#### Directions:
Copying each record below exactly is the whole task.

* * * *

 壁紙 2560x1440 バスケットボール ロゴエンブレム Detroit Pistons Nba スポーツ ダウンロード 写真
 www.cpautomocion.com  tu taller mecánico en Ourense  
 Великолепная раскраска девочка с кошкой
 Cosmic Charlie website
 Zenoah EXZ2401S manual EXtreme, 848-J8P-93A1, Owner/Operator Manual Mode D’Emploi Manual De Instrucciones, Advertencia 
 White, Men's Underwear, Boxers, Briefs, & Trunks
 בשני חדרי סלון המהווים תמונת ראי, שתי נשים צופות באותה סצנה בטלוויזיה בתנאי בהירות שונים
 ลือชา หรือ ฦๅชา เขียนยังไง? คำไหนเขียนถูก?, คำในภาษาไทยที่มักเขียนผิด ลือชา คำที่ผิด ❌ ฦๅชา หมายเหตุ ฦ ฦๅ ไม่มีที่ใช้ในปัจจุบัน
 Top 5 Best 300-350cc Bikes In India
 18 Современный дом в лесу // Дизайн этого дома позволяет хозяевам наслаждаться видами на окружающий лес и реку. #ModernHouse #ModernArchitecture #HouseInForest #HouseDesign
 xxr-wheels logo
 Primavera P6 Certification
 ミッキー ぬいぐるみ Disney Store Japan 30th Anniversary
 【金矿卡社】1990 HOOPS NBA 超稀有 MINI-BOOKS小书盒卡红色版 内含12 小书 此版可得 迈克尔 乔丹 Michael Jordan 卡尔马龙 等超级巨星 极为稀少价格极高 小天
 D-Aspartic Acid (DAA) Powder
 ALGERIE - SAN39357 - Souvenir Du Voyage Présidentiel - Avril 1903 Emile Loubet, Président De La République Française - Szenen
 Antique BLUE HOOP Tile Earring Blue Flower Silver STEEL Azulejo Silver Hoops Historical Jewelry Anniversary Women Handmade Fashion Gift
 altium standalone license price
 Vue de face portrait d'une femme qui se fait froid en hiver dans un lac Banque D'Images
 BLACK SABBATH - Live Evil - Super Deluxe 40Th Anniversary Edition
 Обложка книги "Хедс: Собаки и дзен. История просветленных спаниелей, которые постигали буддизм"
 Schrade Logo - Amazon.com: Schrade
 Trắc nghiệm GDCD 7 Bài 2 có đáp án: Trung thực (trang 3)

* * * *

#### Reply:
 壁紙 2560x1440 バスケットボール ロゴエンブレム Detroit Pistons Nba スポーツ ダウンロード 写真
 www.cpautomocion.com  tu taller mecánico en Ourense  
 Великолепная раскраска девочка с кошкой
 Cosmic Charlie website
 Zenoah EXZ2401S manual EXtreme, 848-J8P-93A1, Owner/Operator Manual Mode D’Emploi Manual De Instrucciones, Advertencia 
 White, Men's Underwear, Boxers, Briefs, & Trunks
 בשני חדרי סלון המהווים תמונת ראי, שתי נשים צופות באותה סצנה בטלוויזיה בתנאי בהירות שונים
 ลือชา หรือ ฦๅชา เขียนยังไง? คำไหนเขียนถูก?, คำในภาษาไทยที่มักเขียนผิด ลือชา คำที่ผิด ❌ ฦๅชา หมายเหตุ ฦ ฦๅ ไม่มีที่ใช้ในปัจจุบัน
 Top 5 Best 300-350cc Bikes In India
 18 Современный дом в лесу // Дизайн этого дома позволяет хозяевам наслаждаться видами на окружающий лес и реку. #ModernHouse #ModernArchitecture #HouseInForest #HouseDesign
 xxr-wheels logo
 Primavera P6 Certification
 ミッキー ぬいぐるみ Disney Store Japan 30th Anniversary
 【金矿卡社】1990 HOOPS NBA 超稀有 MINI-BOOKS小书盒卡红色版 内含12 小书 此版可得 迈克尔 乔丹 Michael Jordan 卡尔马龙 等超级巨星 极为稀少价格极高 小天
 D-Aspartic Acid (DAA) Powder
 ALGERIE - SAN39357 - Souvenir Du Voyage Présidentiel - Avril 1903 Emile Loubet, Président De La République Française - Szenen
 Antique BLUE HOOP Tile Earring Blue Flower Silver STEEL Azulejo Silver Hoops Historical Jewelry Anniversary Women Handmade Fashion Gift
 altium standalone license price
 Vue de face portrait d'une femme qui se fait froid en hiver dans un lac Banque D'Images
 BLACK SABBATH - Live Evil - Super Deluxe 40Th Anniversary Edition
 Обложка книги "Хедс: Собаки и дзен. История просветленных спаниелей, которые постигали буддизм"
 Schrade Logo - Amazon.com: Schrade
 Trắc nghiệm GDCD 7 Bài 2 có đáp án: Trung thực (trang 3)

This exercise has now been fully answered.